Stepping up his demands for reform in the face of widespread opposition and demands for his resignation, the embattled minister insisted he would not be diverted from his mission to modernise the NHS.

"I want our health service to be modern and truly world class," Mr Lansley told the IoS. "But we know that financial pressures loom large on the horizon for the health service – from our ageing population to rising costs of drugs and treatments. This is why the NHS must not only work better, but work smarter."

The bullish remarks come ahead of another tough week for the Health Secretary, whose reforms face being radically rewritten after an eight-week listening exercise ended last week. The NHS Future Forum was set up in order to quell a revolt from Lib Dems, medical professionals and patient groups. The plan to hand responsibility for commissioning £60bn of treatment to GP consortia comes as the NHS is being asked to find £20bn in efficiency savings. The King's Fund last week raised concerns about a lack of accountability under the new system.

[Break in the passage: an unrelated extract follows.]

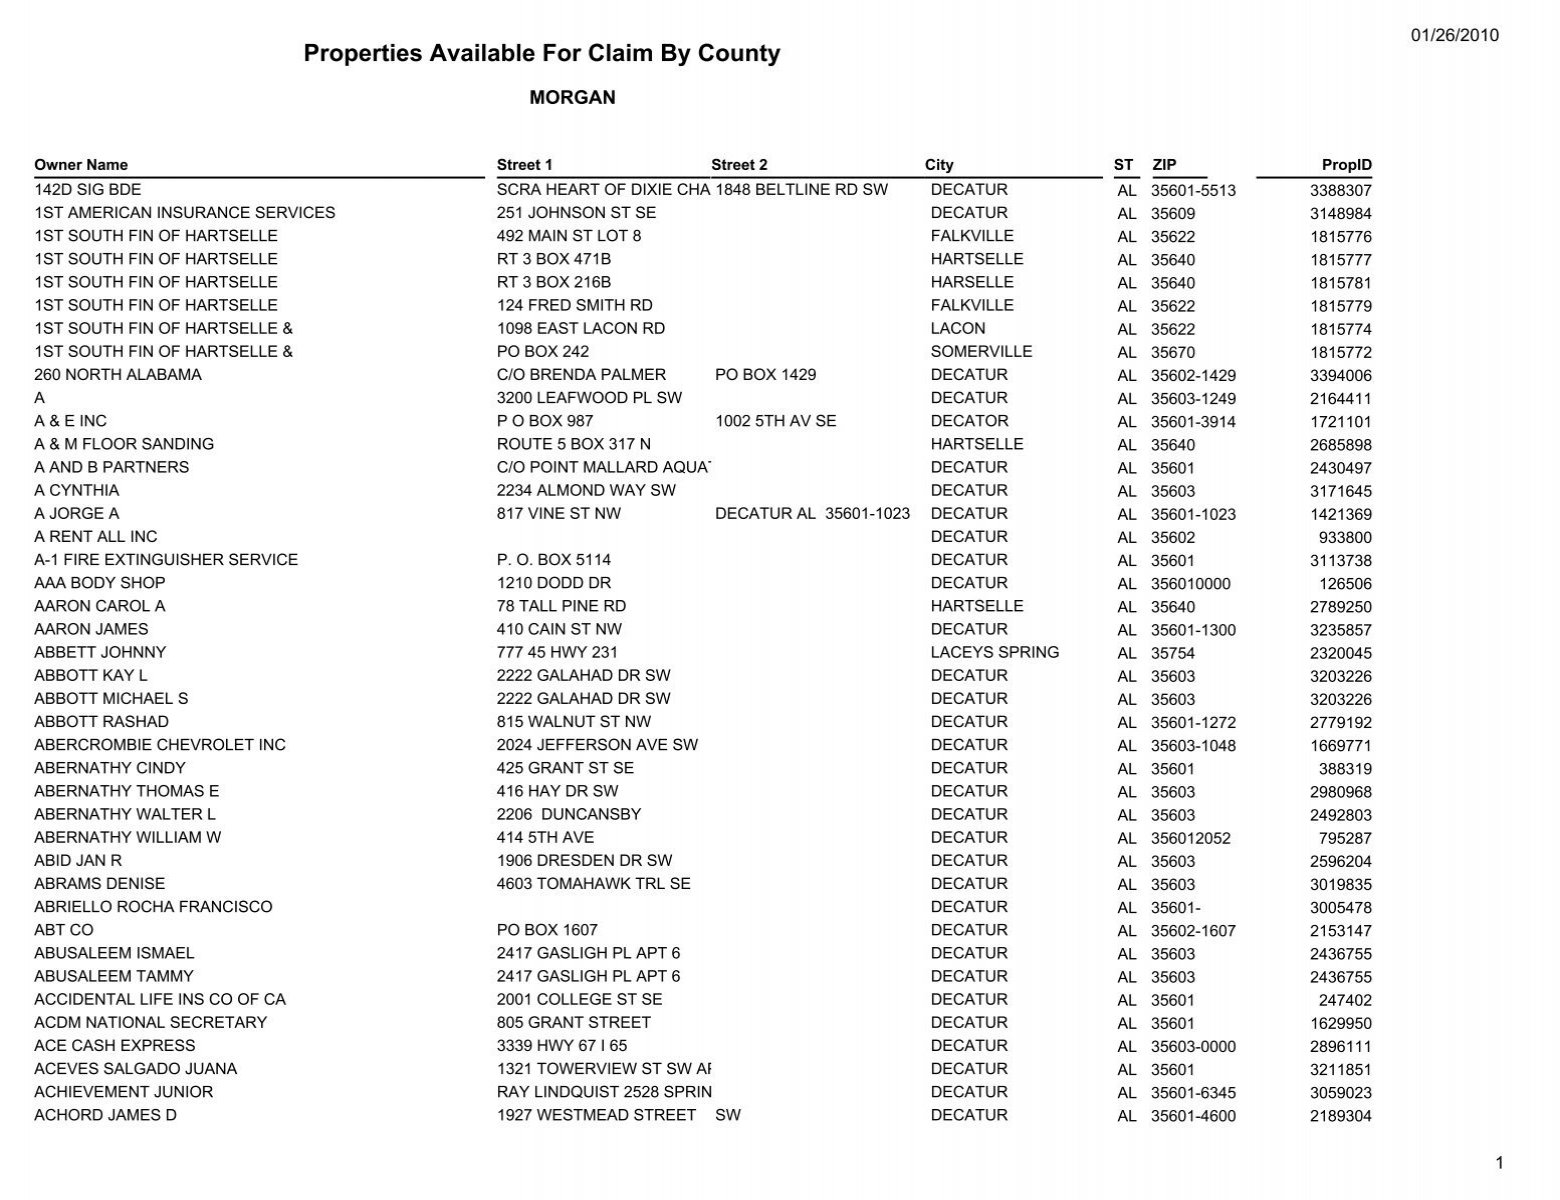 Properties Available For Claim By County - Morgan County Probate

David Cameron will return to the subject this week, with a speech setting out how the reforms will ensure the NHS survives into the future. And on Tuesday, Mr Lansley will make his first appearance in the Commons since the end of the listening exercise, to face questions about his vision for the NHS.

He will be challenged over the redundancy costs of staff at the soonto-be-axed primary care trusts and strategic health authorities, who will be responsible for emergency planning and the future of integrated cancer services if GP consortia get the go-ahead. But he remains confident that modernisation of the NHS and rethinking how care is given is the only way to ensure standards are maintained at a time of financial constraint. He highlighted a scheme providing kidney dialysis at home, developed by Manchester Royal Infirmary. As well as being more convenient for patients, it is saving the local NHS £16,430 per patient every year and has been awarded an "innovation prize" by the Department of Health. Mr Lansley said it "powerfully demonstrates how patients can benefit when you give freedom and power to those on the frontline who know best how to improve services for patients".

He added that such ideas show "how our plans to modernise our health service can work in practice, and help to safeguard the NHS for the future".

The Department of Health has also pinpointed greater use of a technique known as "enhanced recovery" as key to reducing hospital stays. Simple changes before and after operations – including preparing them mentally for treatment and quickly getting them into a routine afterwards – has had dramatic results in pilots.

It is estimated it could save £43m a year by freeing up 171,500 "bed days", with people having hip operations spending 45,000 fewer days in hospital, and knee replacement surgery needing 50,000 fewer overnight stays.

The Future Forum is now studying 15,000 responses received during the listening exercise.